Az alábbi témákat a TASZK Kft írta ki és vezeti. A témák közül csak egy fog elindulni a TASZK Kft választása alapján:

Instrumenting Smartphone Firmware Components for Security Analysis

Explore techniques for instrumenting ARM firmware binaries for code analysis purposes. Study various approaches from bare-metal instrumentation by code patching to using existing emulation and/or on-target frameworks (e.g. qemu, unicorn, frida), to utilizing ARM hardware debug extensions. Learn about various dynamic code analysis goals (e.g tracing, hooking, fuzzing, data flow analysis, etc) and their instrumentation requirements.

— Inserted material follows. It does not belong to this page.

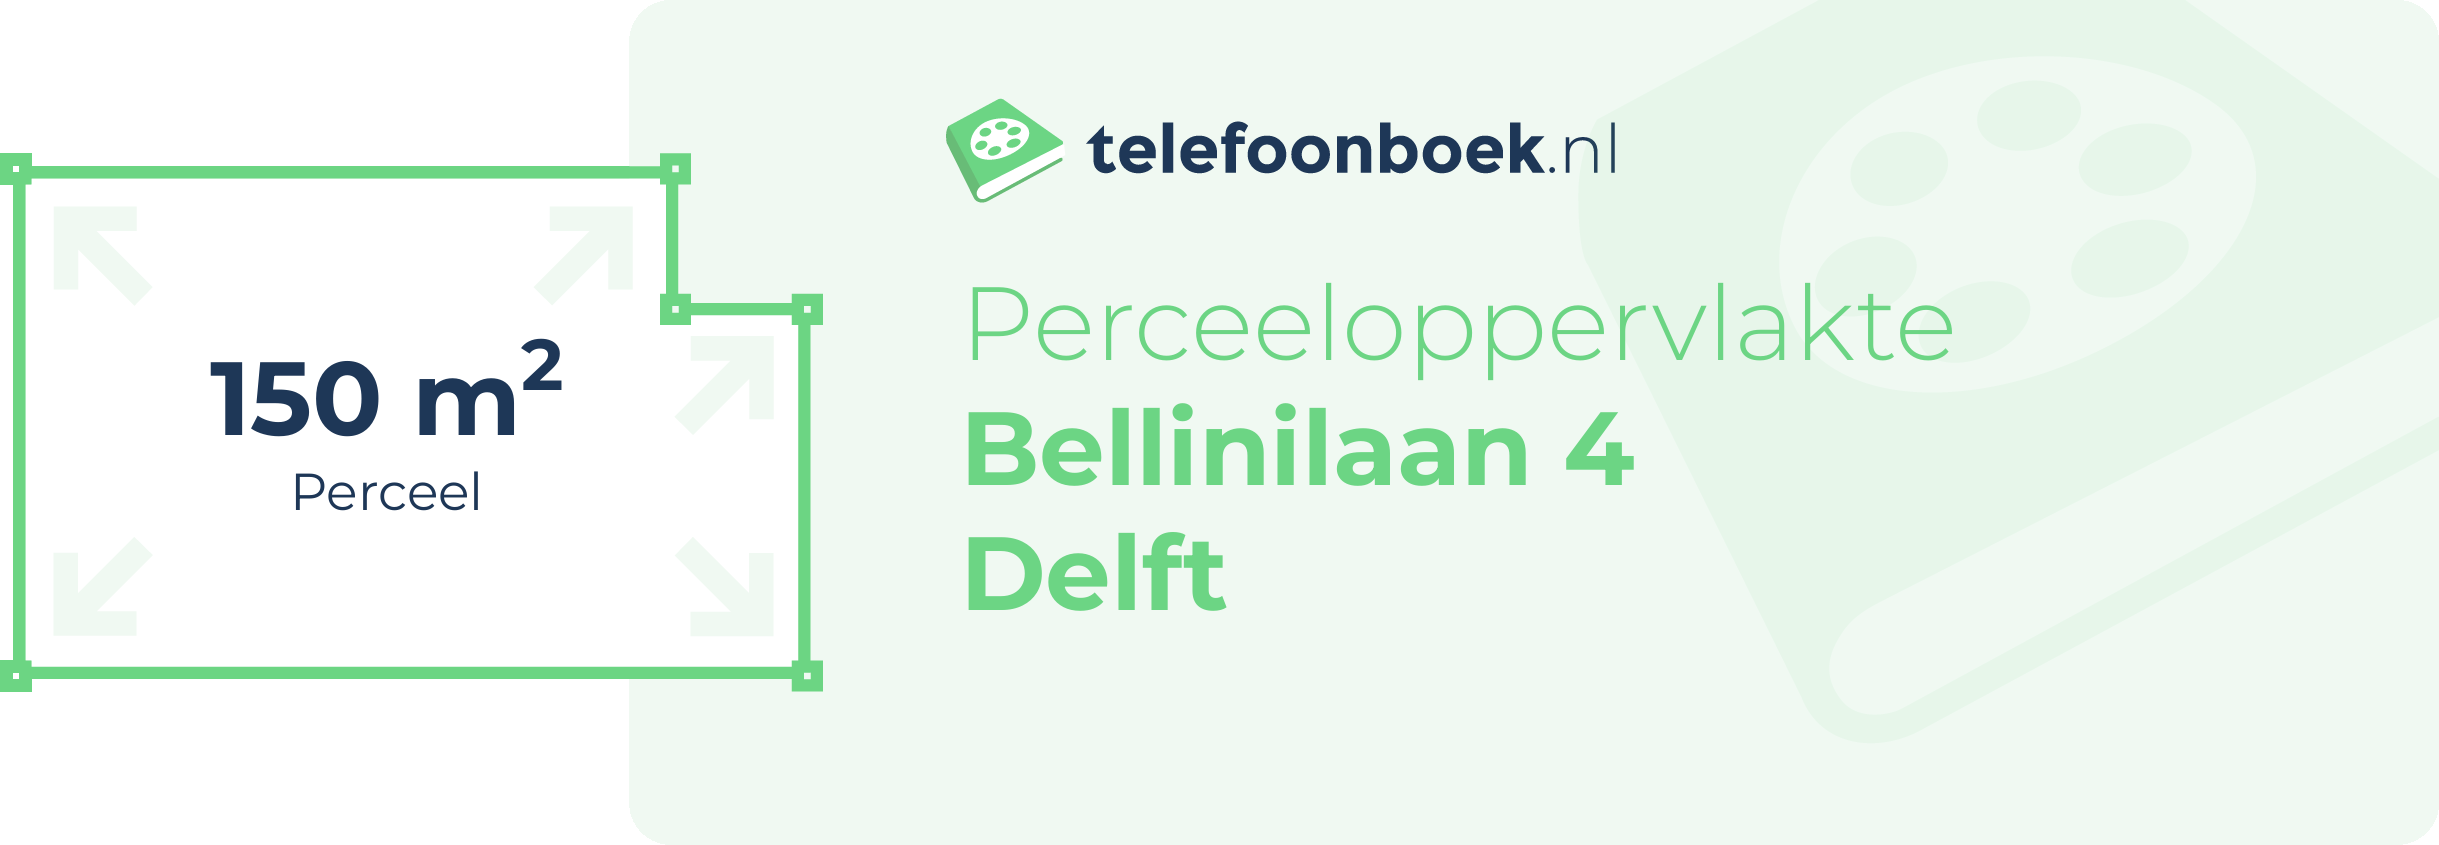 Perceeloppervlakte Bellinilaan 4 Delft

Stretch Goals: Furthering the research we envision the student creating a fully fledged case study of an either fully on-target or a hybrid emulated/on-target fuzzing framework utilizing instrumentation. We have several real-world targets (various firmware elements of modern smartphone SoCs) in mind for this.

 

Security Analysis of Custom Android Kernel Self-Defenses 

Learn the basics of working with Android kernel image customizations: image formats, OTA updates, extraction, (re)building, writing modules. Study Linux kernel memory management concepts and how they pertain to exploit mitigations. Study the history of Linux kernel privilege escalation techniques and the evolution of known kernel self-defenses to counter them.

Stretch Goals: Building on a firm understanding of the prior art, conduct original research into the current state of Android kernel vendor customizations. We envision two tracks that this research can take. The first is a study of "patch gaping" of Linux kernel security bugs with respect to the mainline Linux kernel vs vendor-customized kernels of high-end smartphones. The second is a study of the (largely undocumented) custom mitigations that the leading Android device manufacturers introduce into their kernels.

 

Static Vulnerability Analysis Using Code Property Graph-based Query Languages

Study existing frameworks (such as bjoern and hexrays decompiler) that automate the extraction of semantic information from compiled binaries and expose a code property graph that can be used with a query language for identifying vulnerable code patterns. 

Research how such frameworks could be extended or have alternatives developed for them on top of existing binary analysis solutions (such as disassembler/decompiler engines). Discover the advantages and limitations of this approach and what kinds of memory safety vulnerabilities can be efficiently queried with it.

Identify a target binary, study its attack surface, and define bug patterns of interest. Use/extend a framework to develop the desired bug pattern queries and carry out the manual analysis of the findings of the automated queries.